Not really a surprise.....a well known USA competitor Todd Eldridge modified his Japanese Alpine head unit with better electronics.... He recognized the short comings of car head units. He was winning nearly everything for quite some time.

Sometimes...cramming so many electronics in a small space of head unit causes EMF and inductance issues..also doesn't allow for much physical isolation of the power supply and digital and analog components. Like if your capacitors have steel end caps instead of copper...you get a lot of potential noise generated .

Anyhow, you might even be able to borrow an Apogee Mini DAC from a Studio or anyone who does location recording and monitoring at no cost no risk...

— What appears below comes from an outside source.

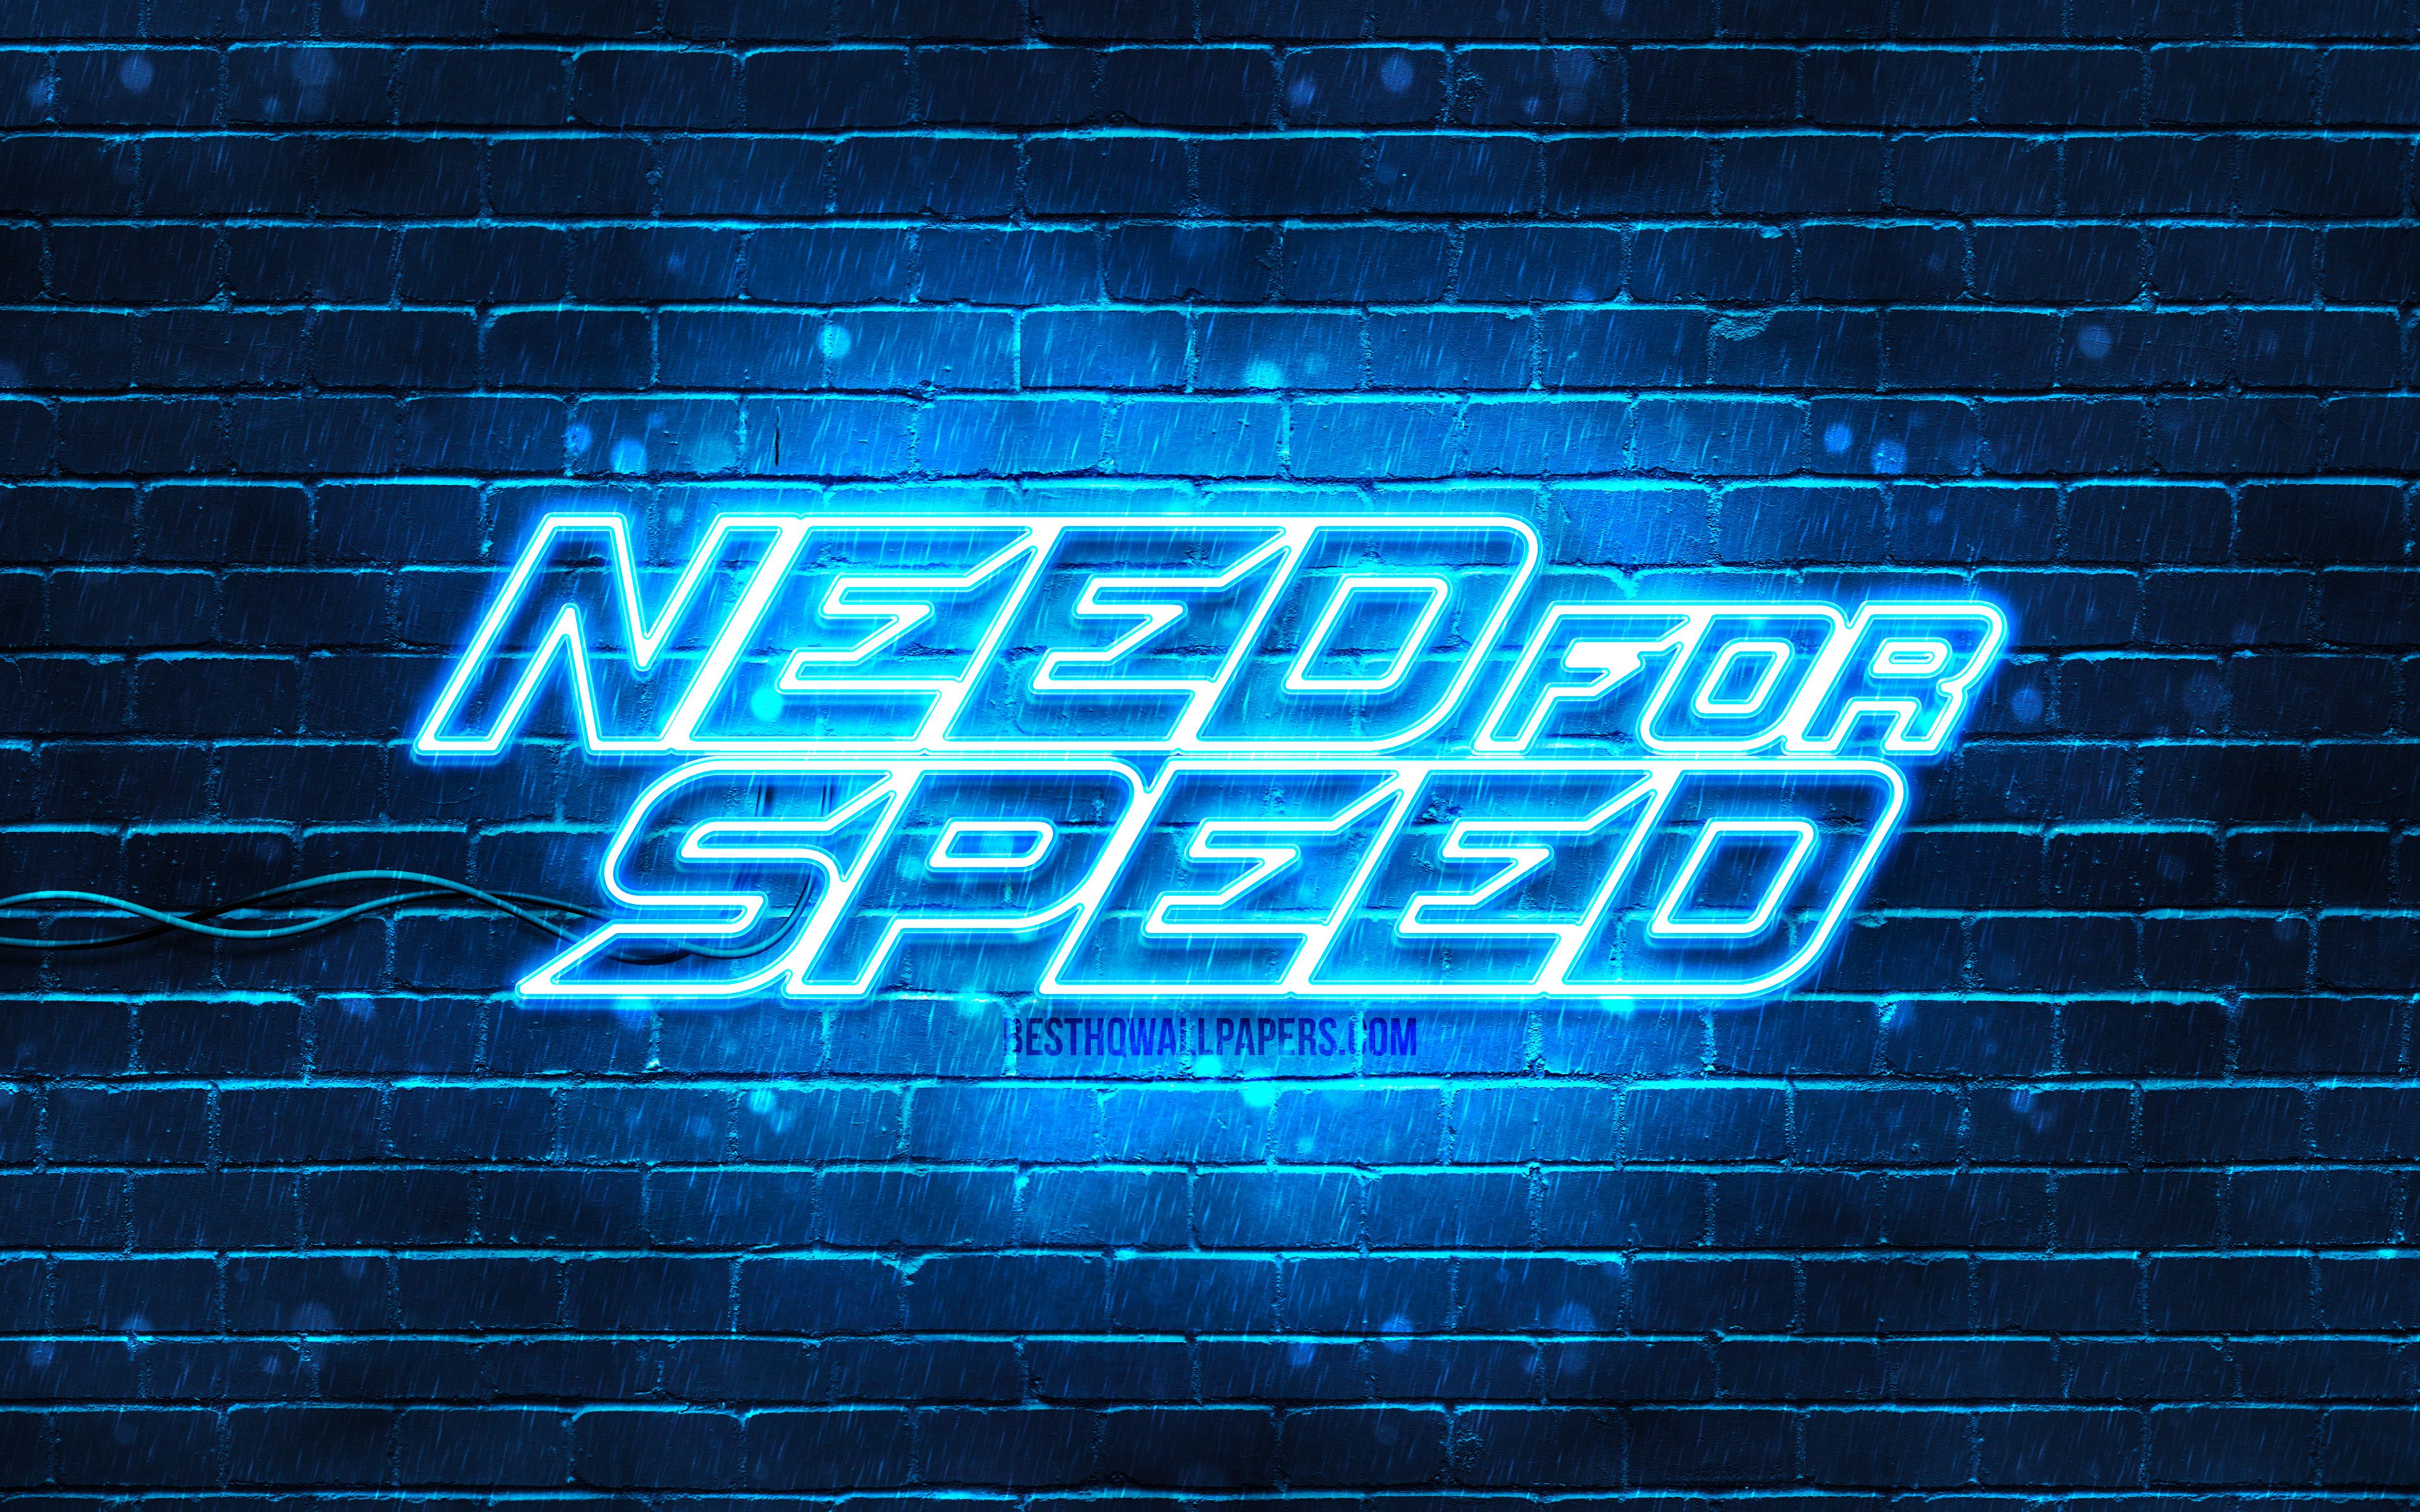 Download wallpaper Need for Speed blue logo, 4k, blue brickwall, NFS, 2020 games, Need for Speed logo, NFS neon logo, Need for Speed for desktop with resolution 3840x2400. High Quality HD picture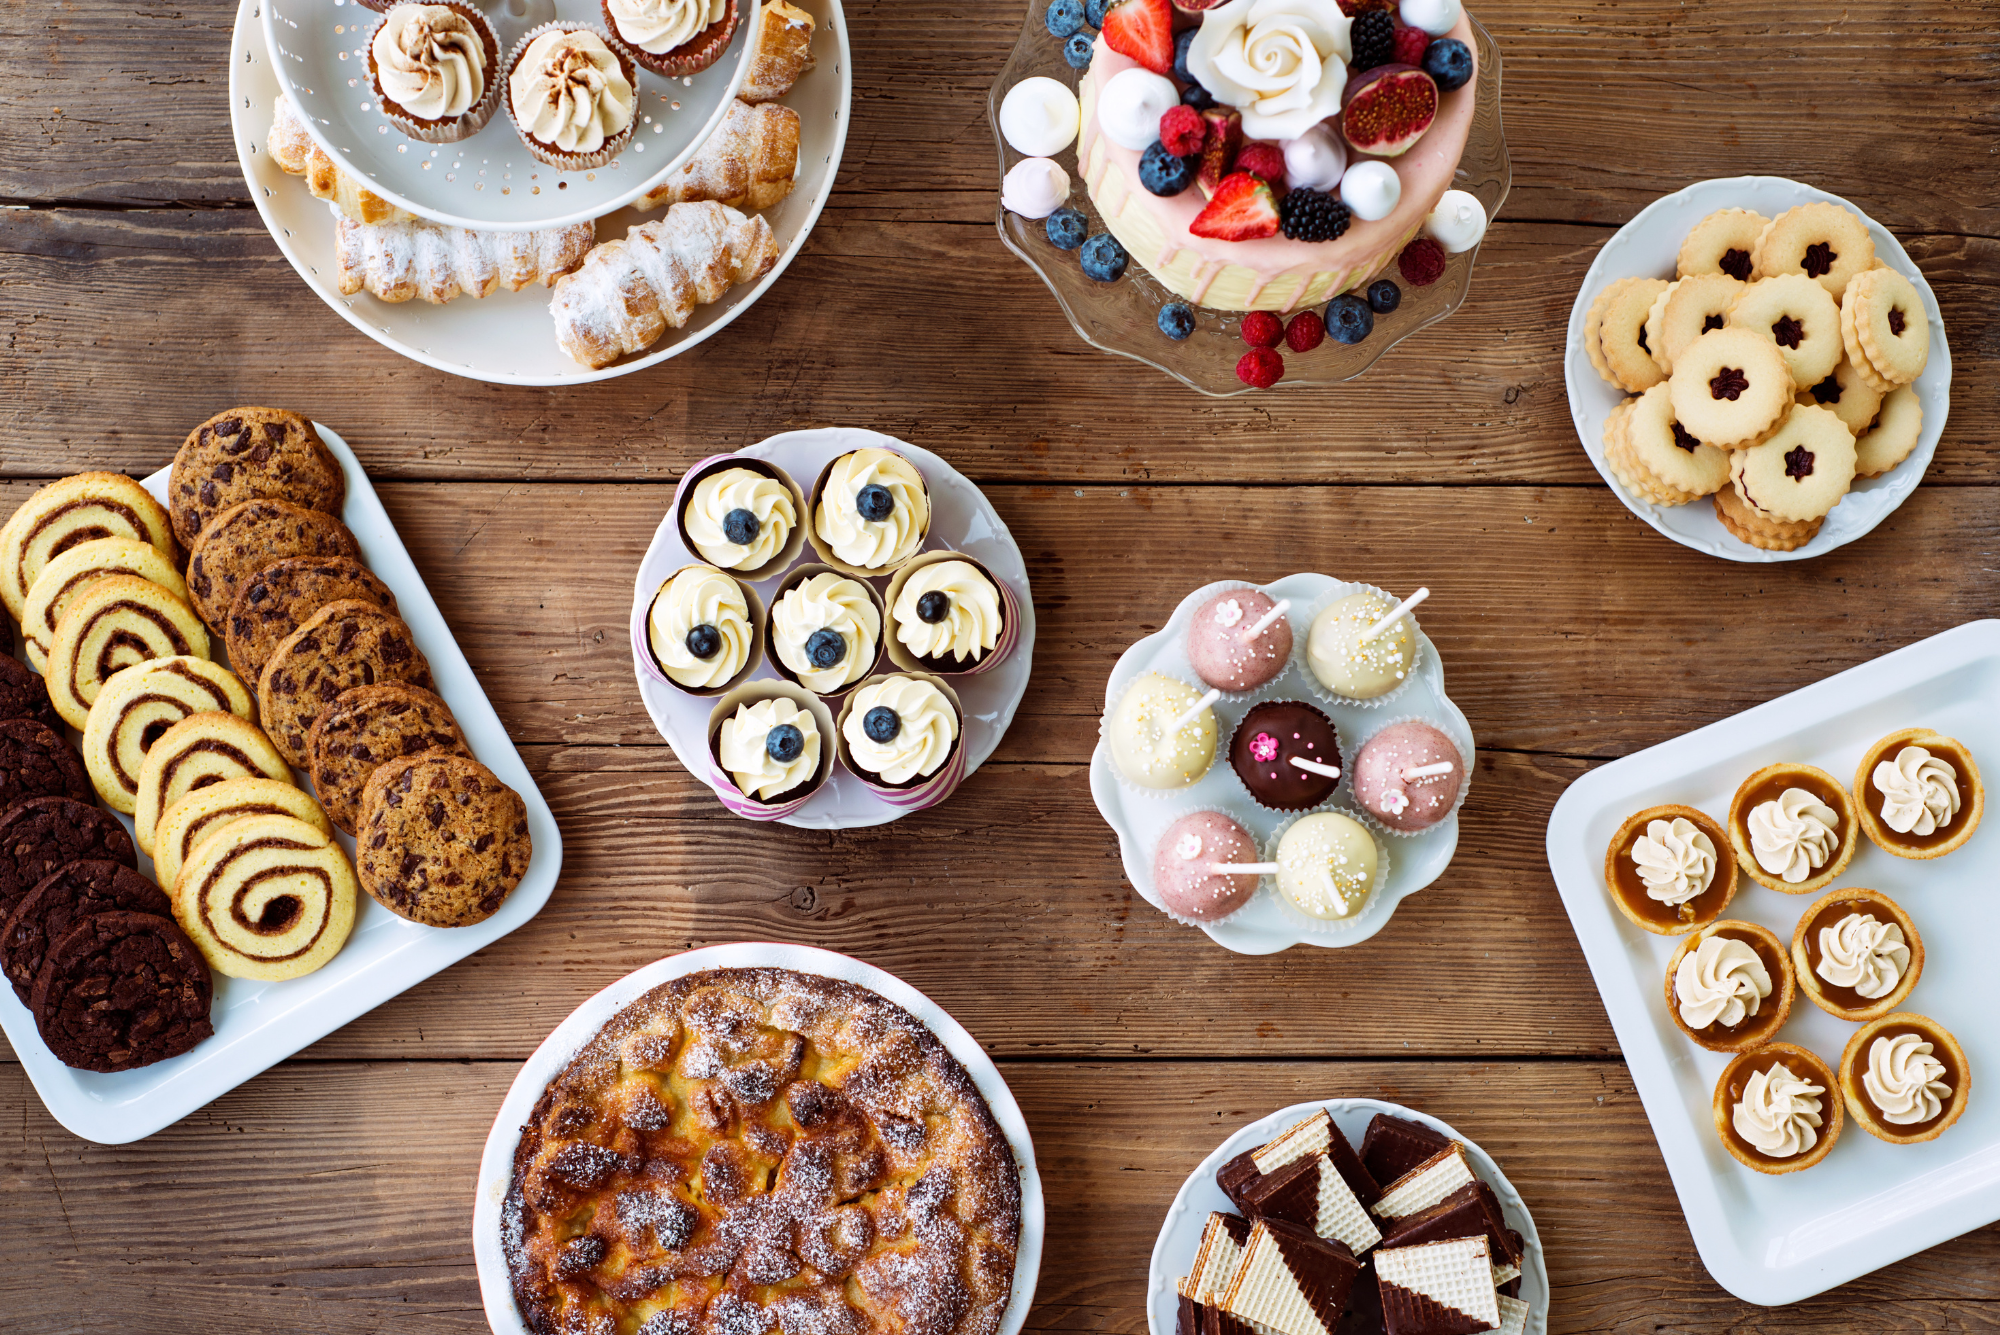 An overhead view of a table full of assorted desserts, representing the benefits of enjoying dessert.

Even If you bought the Apogee mini DAC you could just run it...or sell it for what you paid and buy something even better. 

The Wadia 121...I finally got it....just blows away the Apogee Mini DAC....like triple the detail...amazing.. I am going to sell it thought to try and put a modified Metrum Hex $2700 or possibly a Stahl -Tek ($7000) YIKES! into the car.

I am not sure I will be able to hear the improvement in the car environment since the Wadia is already so good...but you do not know until you try.


----------



## audiPG (May 29, 2011)

Ok I understand, but what do you use as a source unit?
You can't just put a laptop on top of your dashboard or otherwise need to rebuild the whole dash to put in a apple ipad....


----------



## Golden Ears (Jul 18, 2010)

audiPG said:


> Ok I understand, but what do you use as a source unit?
> You can't just put a laptop on top of your dashboard or otherwise need to rebuild the whole dash to put in a apple ipad....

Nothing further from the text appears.